Bitwise ORs of Subarrays
We have an array A
of non-negative integers.
For every (contiguous) subarray B = [A[i], A[i+1], ..., A[j]]
(with i <= j
), we take the bitwise OR of all the elements in B
, obtaining a result A[i] | A[i+1] | ... | A[j]
.
Return the number of possible results. (Results that occur more than once are only counted once in the final answer.)
Example 1:
Input: [0]
Output: 1
Explanation:
There is only one possible result: 0.
Example 2:
Input: [1,1,2]
Output: 3
Explanation:
The possible subarrays are [1], [1], [2], [1, 1], [1, 2], [1, 1, 2].
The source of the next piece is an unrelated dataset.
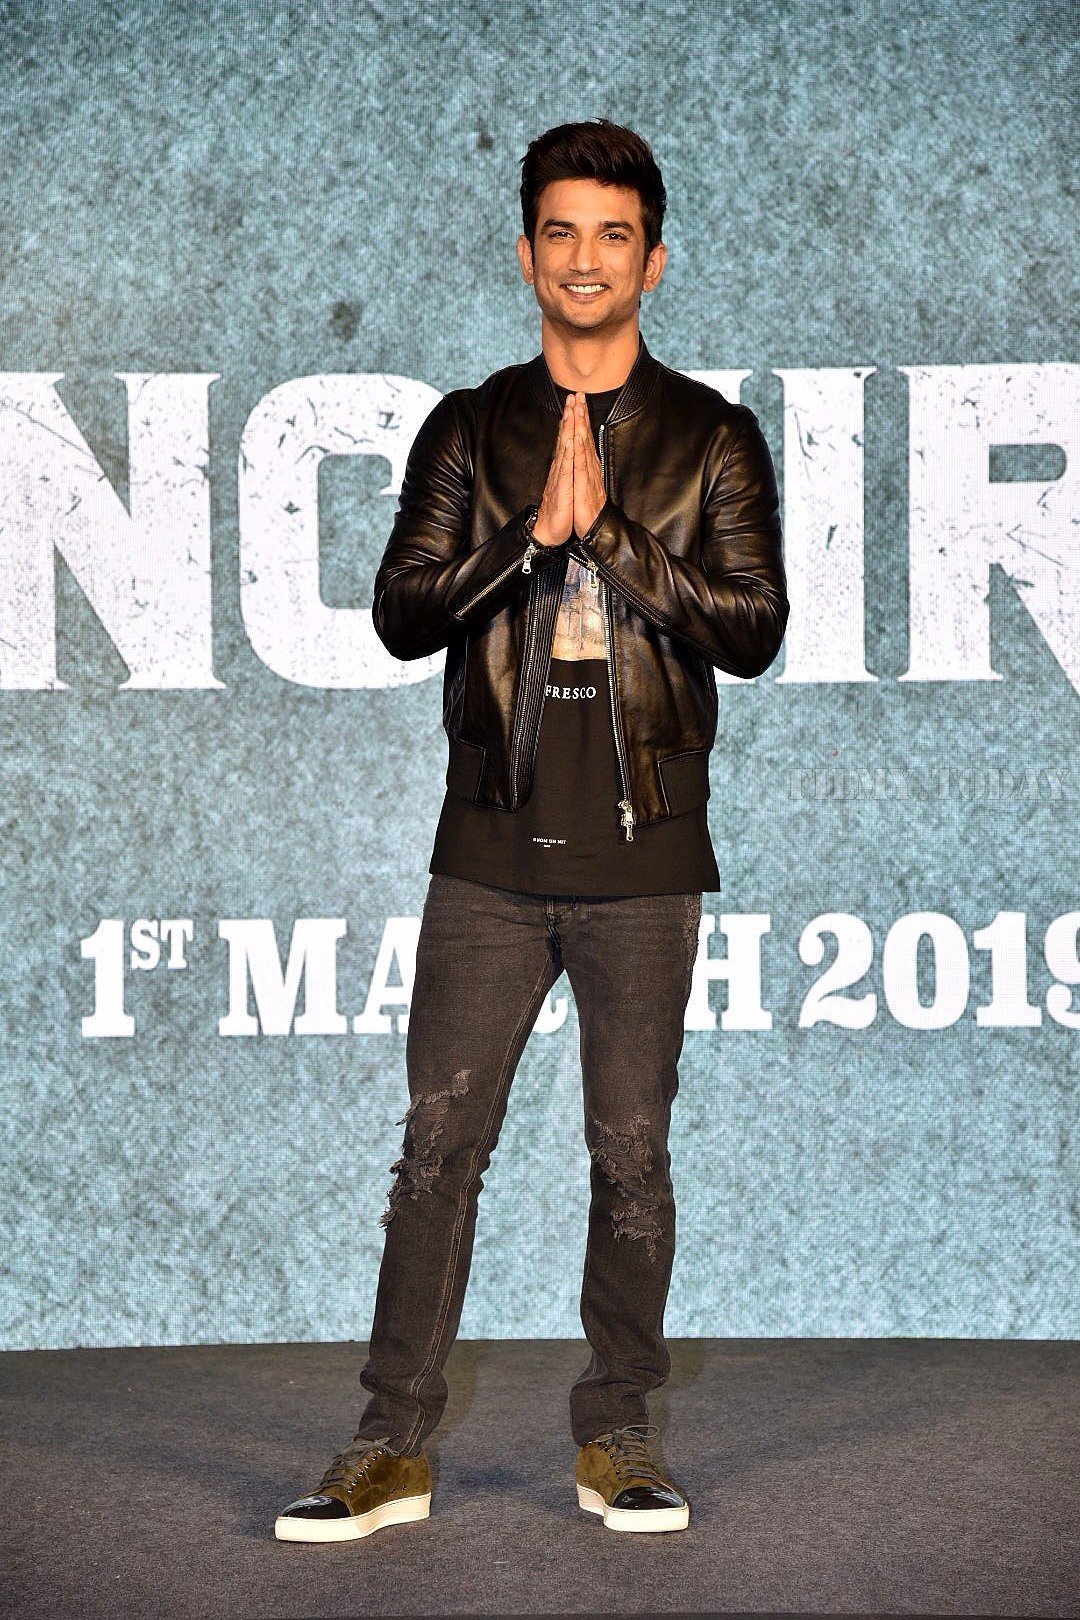 Sushant Singh Rajput - Photos: Press Conference Of Sonchiraiya | Picture 1625393

These yield the results 1, 1, 2, 1, 3, 3.
There are 3 unique values, so the answer is 3.
Example 3:
Input: [1,2,4]
Output: 6
Explanation:
The possible results are 1, 2, 3, 4, 6, and 7.
Note:
1 <= A.length <= 50000
0 <= A[i] <= 10^9
Explaination:
For example, an array is [001, 011, 100, 110, 101] (in binary).
All the subarrays are:
[001]
[001 011] [011]
[001 011 100] [011 100] [100]
[001 011 100 110] [011 100 110] [100 110] [110]
[001 011 100 110 101] [011 100 110 101] [100 110 101] [110 101] [101]
In each line, we add a new number to each array of the previous line.
Calculate the OR operations for each subarray:
001
011 011
111 111 100
111 111 110 110
111 111 111 111 101
There are O(N^2) numbers in total, which is not acceptable.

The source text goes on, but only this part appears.